Does she need restoration? Maybe. But what needs the restoration? Her spirit certainly remains. There is evidence of that in the very existence of those arrogant and ignorant (LOL) holdouts who still remain in her bosom.

Does she need re-building? Yes. But what was destroyed? Only some board and brick are missing. Hell half the city was built from barge board to begin with. And, think about it, the Irish Channel wouldn't exist if there hadn't been raw material to make brick and a need for those Irishmen to lay it (tho the Creoles more than did that craft justice as well).

Does she need re-newing? Maybe, but not in any sense of being intrinsically changed. That term has some implication that something needed fixing before hand. (A lot of things did, but no one outside wanted to help with that B.K. (before Katrina).

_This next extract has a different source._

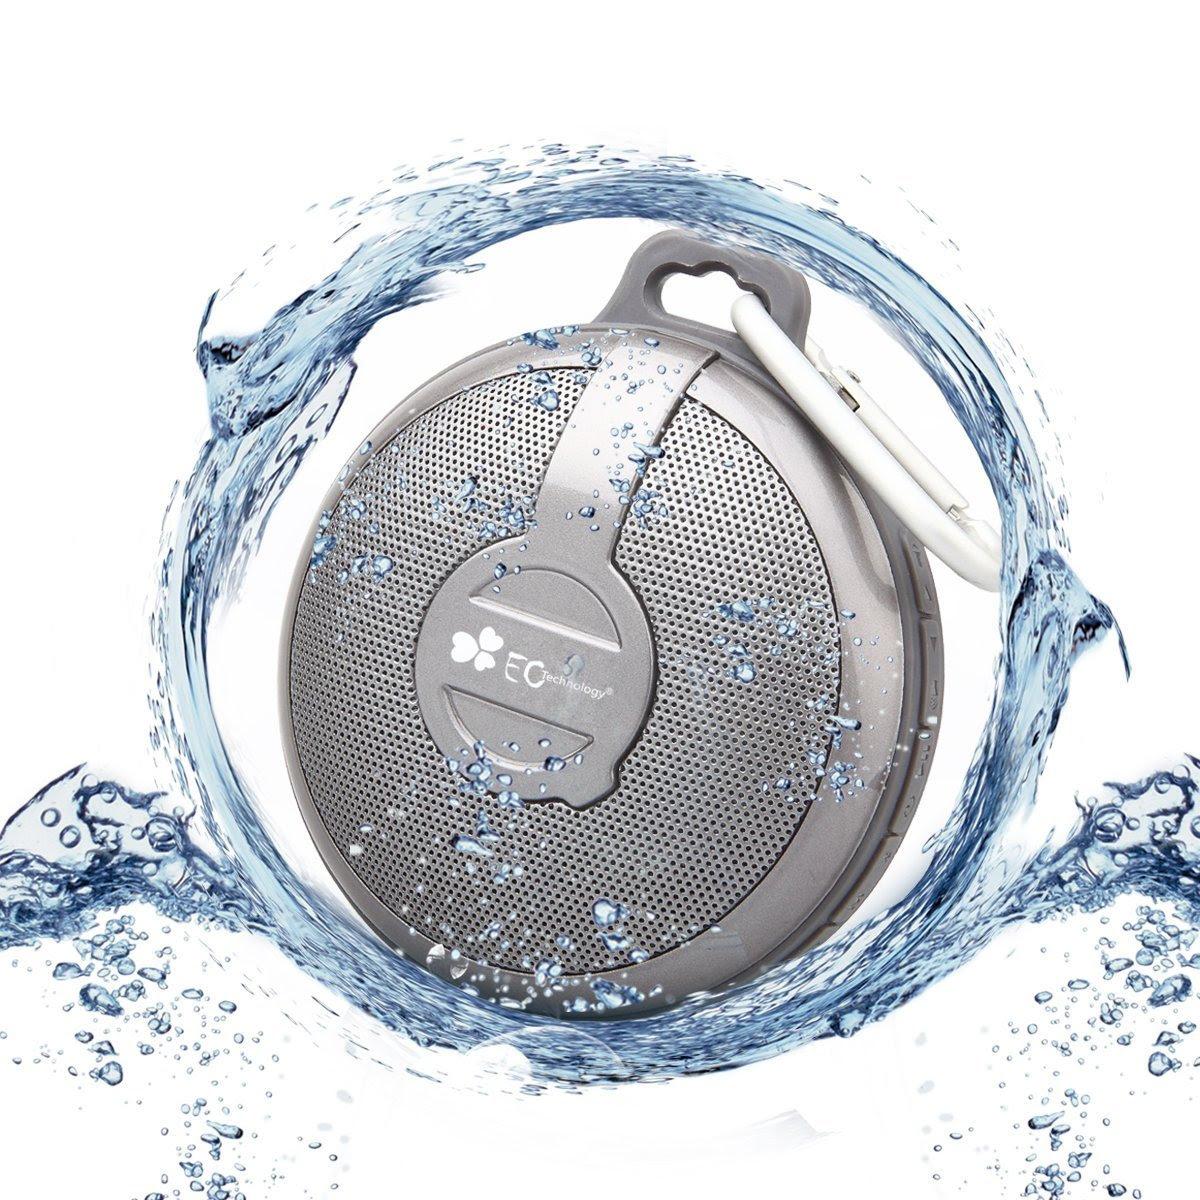 http://www.amazon.com/EC-Technology%C2%AE-Speakerphones-Waterproof-Shockproof/dp/B00KXVU2RW/ref=cm_cr-mr-img

Does she need RE-CLAIMING? Oh, yes. I truly believe she does. She needs to be reclaimed by those who know her, lover her, live in her, and have lived in her.

Mayor Nagin, stick to your guns. With all due respect to Adm. Allen and little to President W, New Orleans needs HER people now to re-claim her. She survived the carpet baggers once, about a 140 years ago, she doesn't need the California, Upper East Coast and Texas cronies to further line their pockets now. She needs the dollars to pay her OWN people to reclaim her.

Now, TAG, if you've read this far, I've taken enough of your valuable time. Go forth and rally the populace! Thank you again from me and my boys. And I'm sure there are many more of us expatriots who feel the same.

Dallas Texas


Blogger Ilaine Upton said...

Yeah, you rite!

I forgot how to say that but I just remembered.

And I want one of them Tulane t-shirts.

3:07 PM, September 19, 2005  
Blogger Editor B said...

Couldn't get into Orleans Parish? Hmmm... I'm mighty curious to know what happened. Were you blocked at a checkpoint? Inquiring minds want to know!